The BHL Australia team prioritises the digitisation of Australian-published biodiversity literature. The literature scanning operation is housed at Melbourne Museum, where journals, monographs, archival material and grey literature are digitised. A significant proportion of the canning, post-processing and metadata addition is undertaken by a team of dedicated BHL volunteers, many of whom have been with the project since the very beginning.

BHL Australia volunteers, Jim Healey and Sue Halliwell, scanning a book from Museums Victoria’s Collection. Image credit: Nicole Kearney, BHL Australia

Providing free, online access to biodiversity literature greatly benefits researchers and decision makers working in the fields of taxonomy (naming and categorising species), ecology and conservation. In particular, providing access to the first descriptions of species greatly benefits the taxonomic community as all descriptions of new or revised species must be referenced to species concepts that have been put forward before.

Assigning DOIs (digital object identifiers) is an important component of BHL Australia’s work.

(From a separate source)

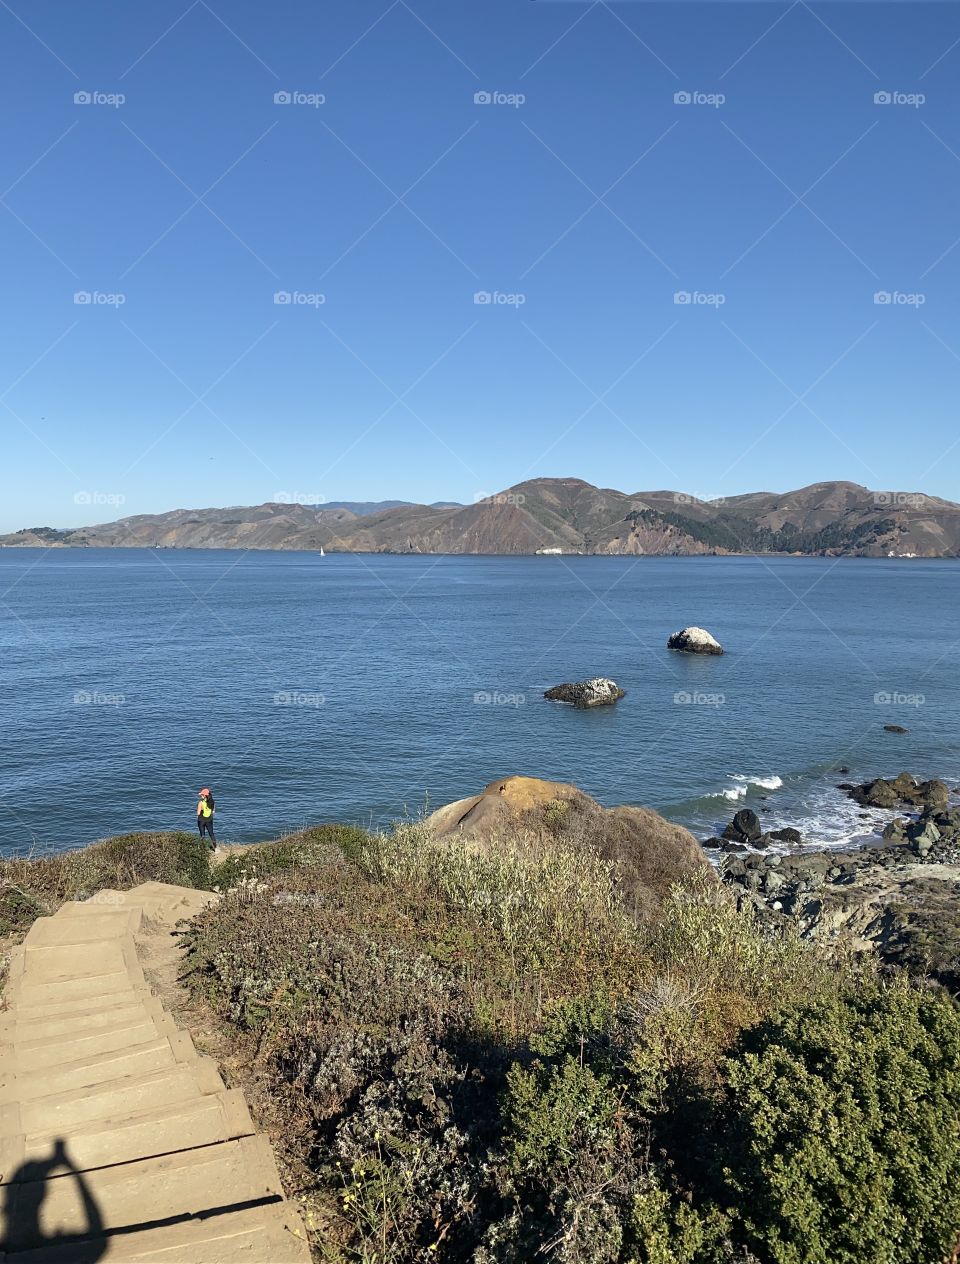 San Francisco hike
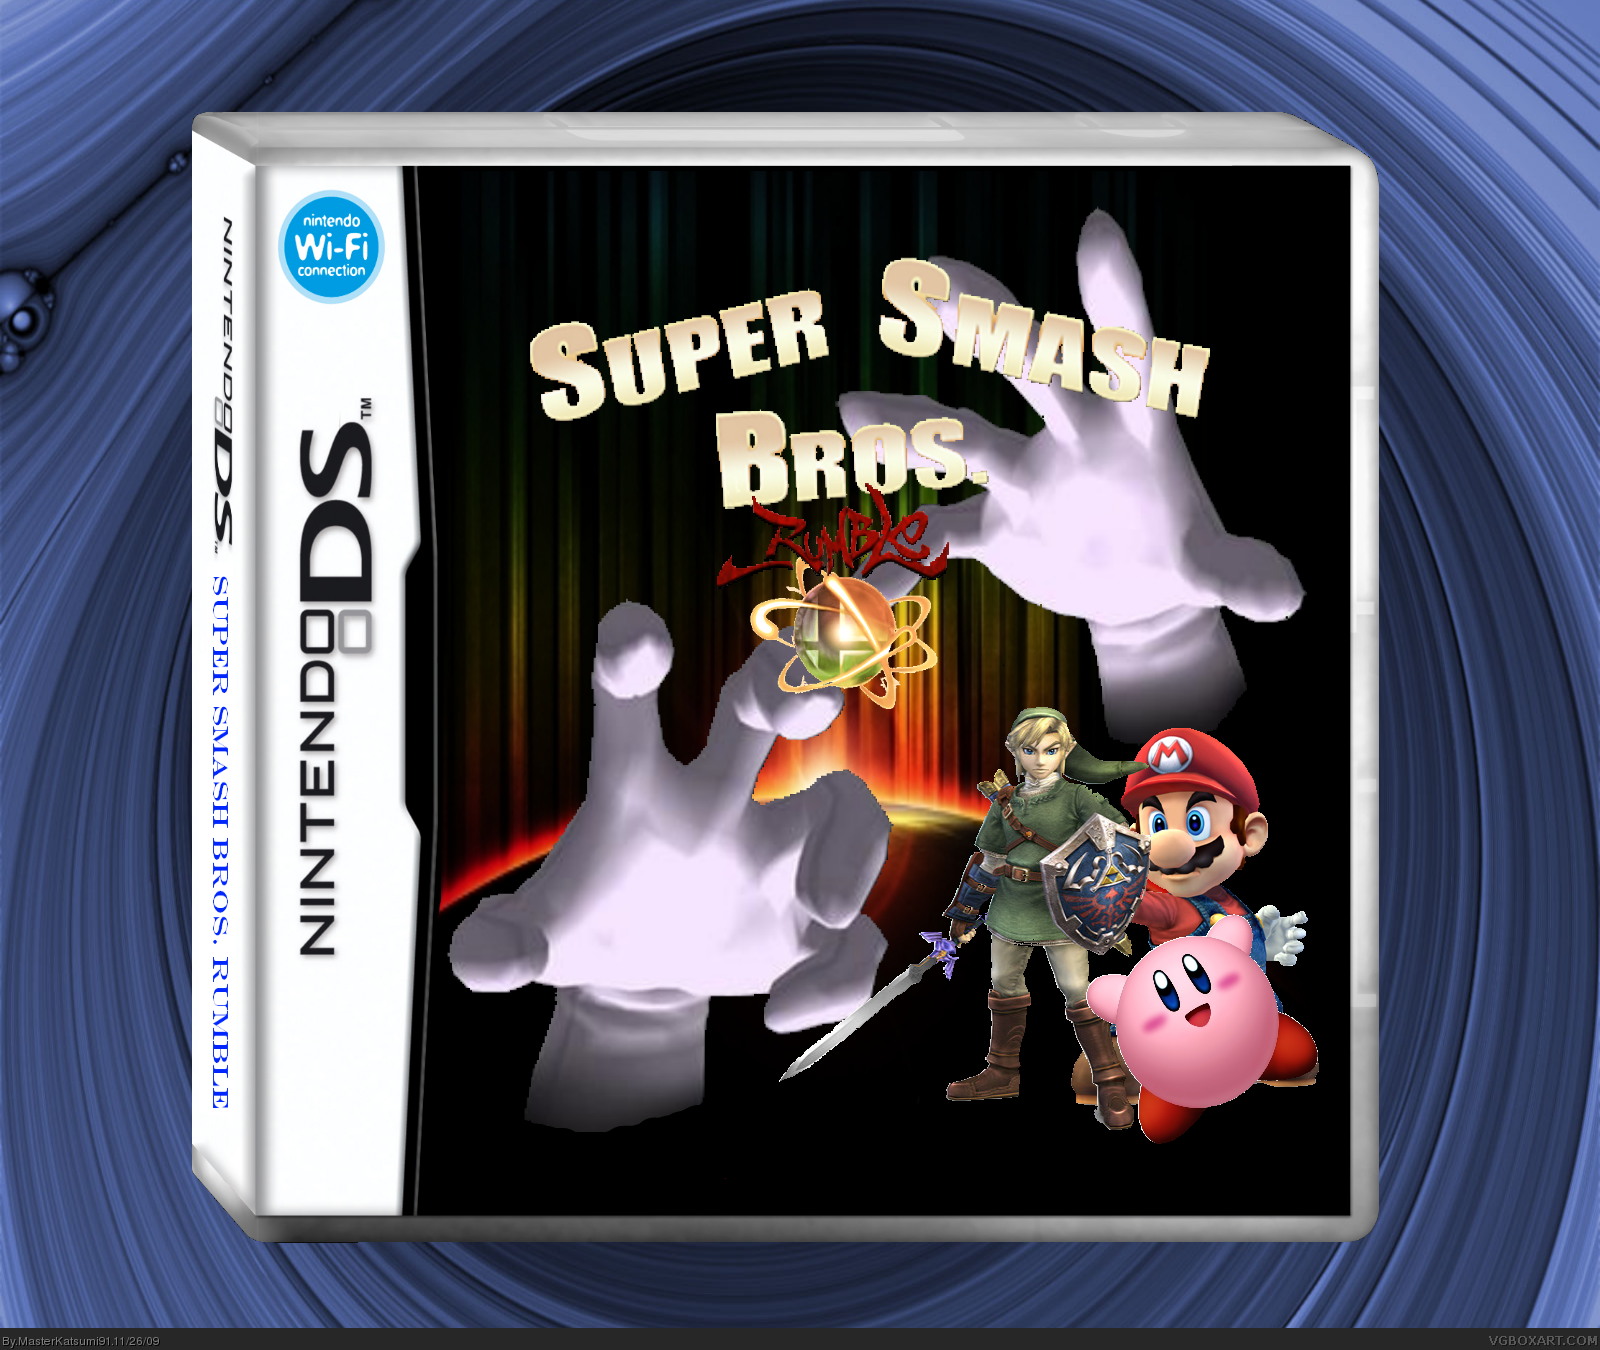 Super Smash Bros Rumble box cover

DOIs make the historic literature discoverable; they provide a unique and permanent link to each scientific description online, enabling authors, publishers, and taxonomic databases (such as the ALA) to persistently link to (and find) that literature.

Historic literature is critical to our understanding of Australia’s biodiversity, particularly our understanding of changes in species distribution and abundance. Since 2010, BHL Australia, and our evergrowing number of Australian contributors, have made almost 400,000 pages of Australia’s biodiversity literature openly accessible online.